**THE TASK**: Your task is to transcribe the data exactly while omitting each picture.

**GIVEN MATERIAL**:
Segment Open
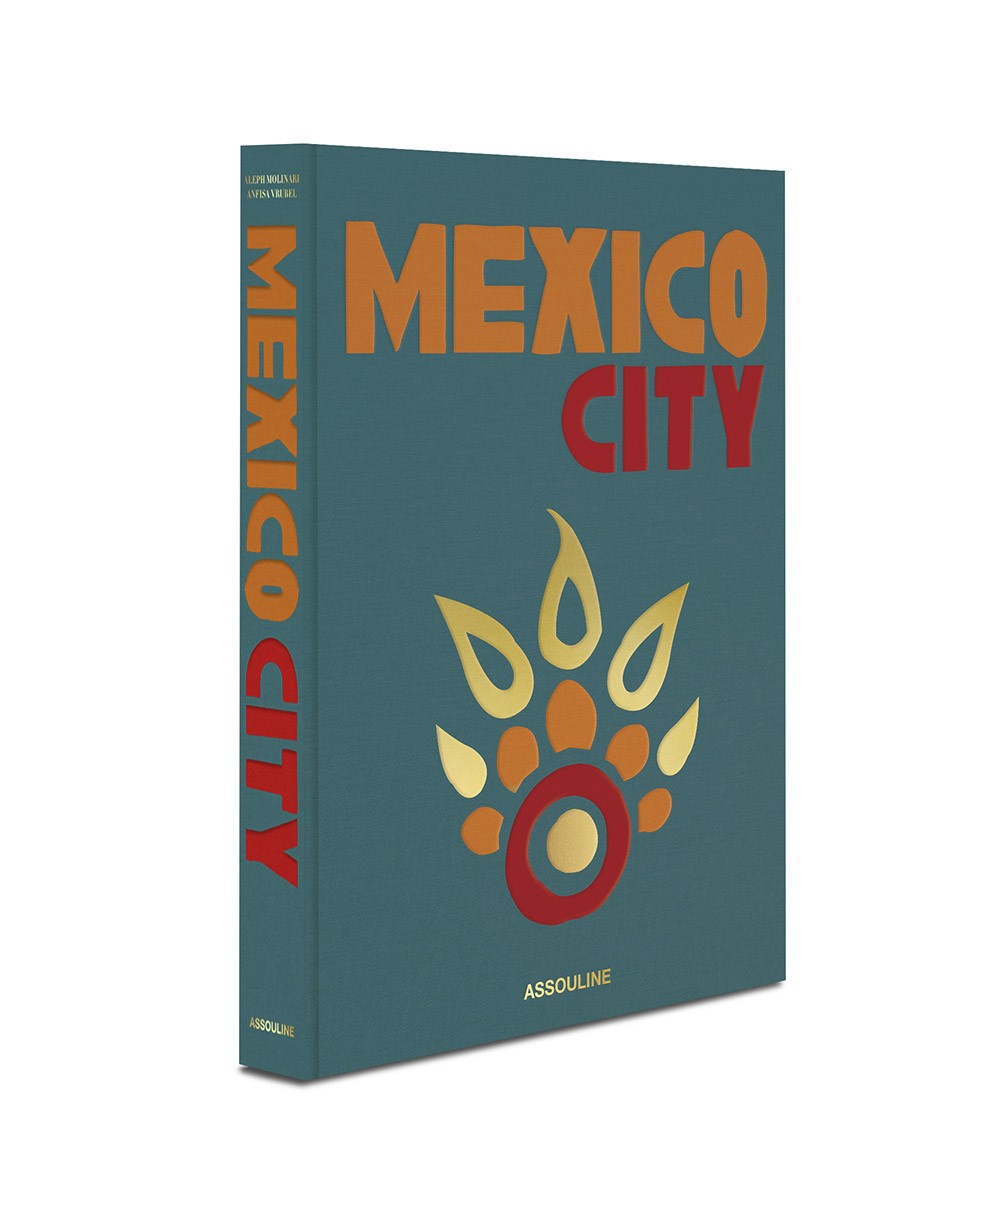 Der Bildband Mexico City von Assouline von der Seite
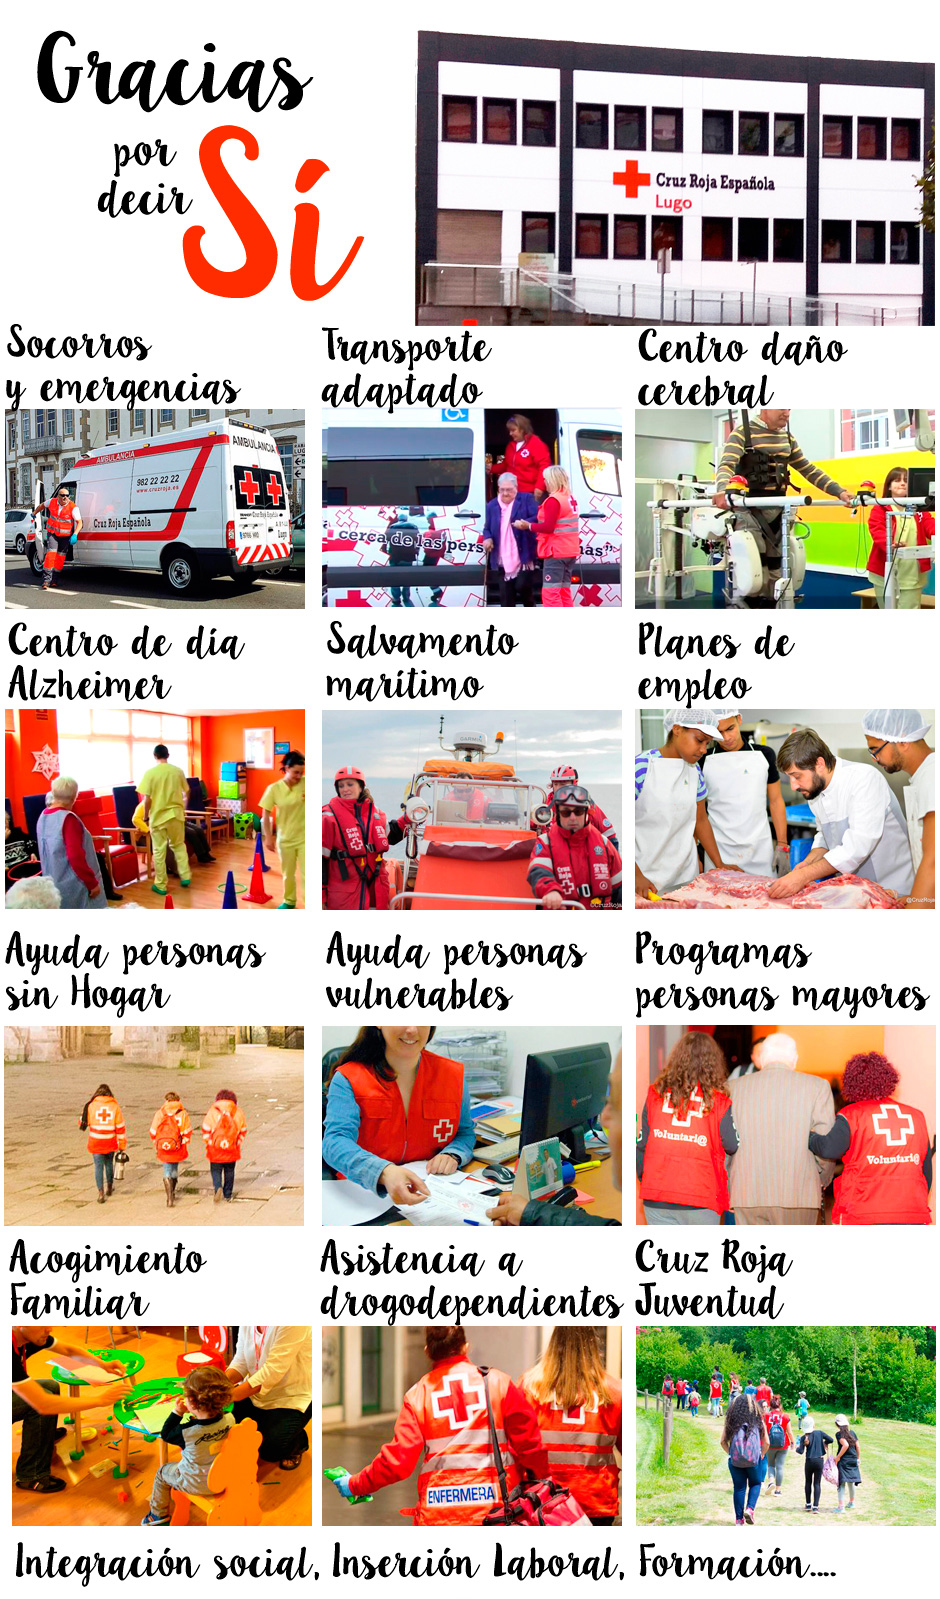 Gracias por decir Sí. Sorteo de Oro. Proyectos de Cruz Roja Española Lugo
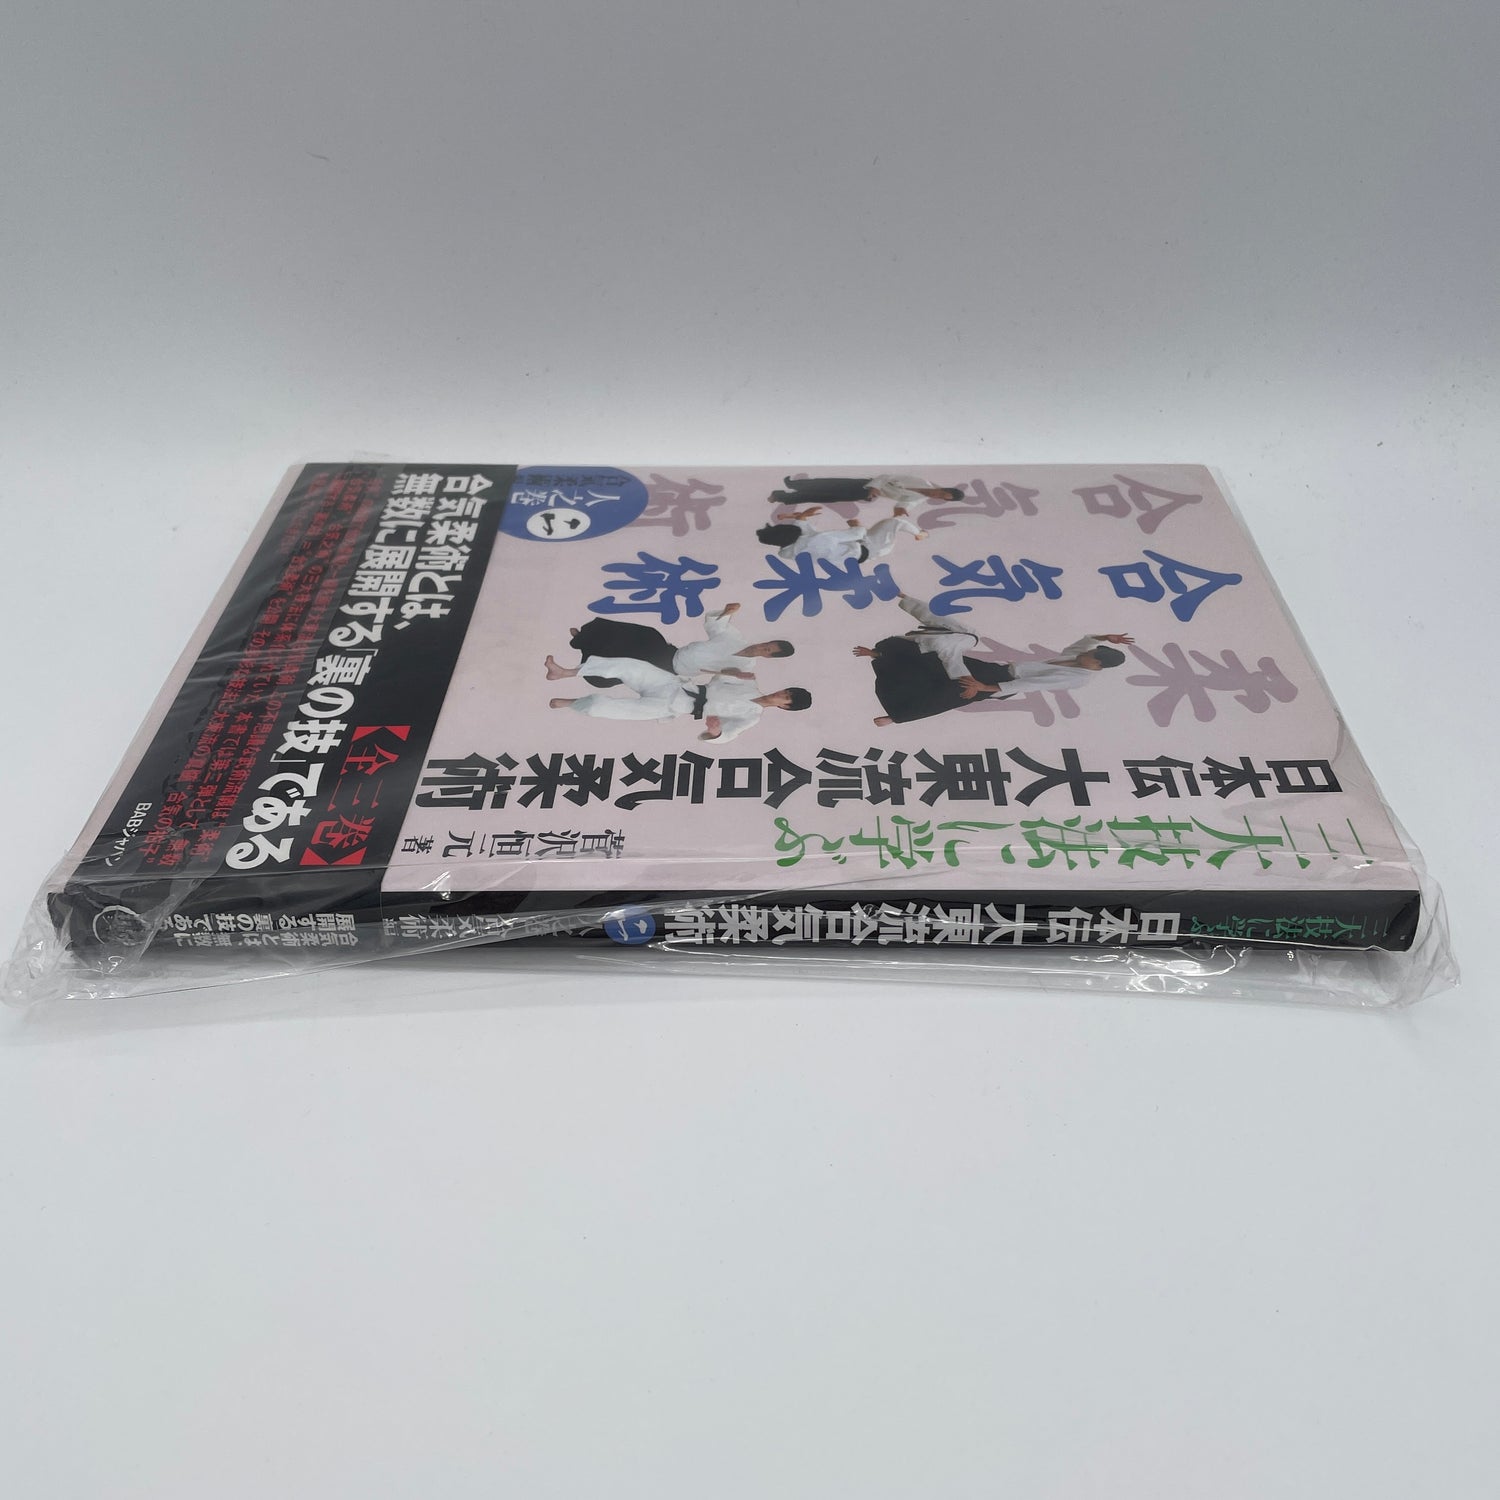 Nihonden Daito Ryu Aikijujutsu Book 2: Aikijujutsu By Kogen Sugasawa (Preowned)
Segment Closed
**RESULT**:
 Der Bildband Mexico City von Assouline von der Seite
 Gracias por decir Sí. Sorteo de Oro. Proyectos de Cruz Roja Española Lugo
 Nihonden Daito Ryu Aikijujutsu Book 2: Aikijujutsu By Kogen Sugasawa (Preowned)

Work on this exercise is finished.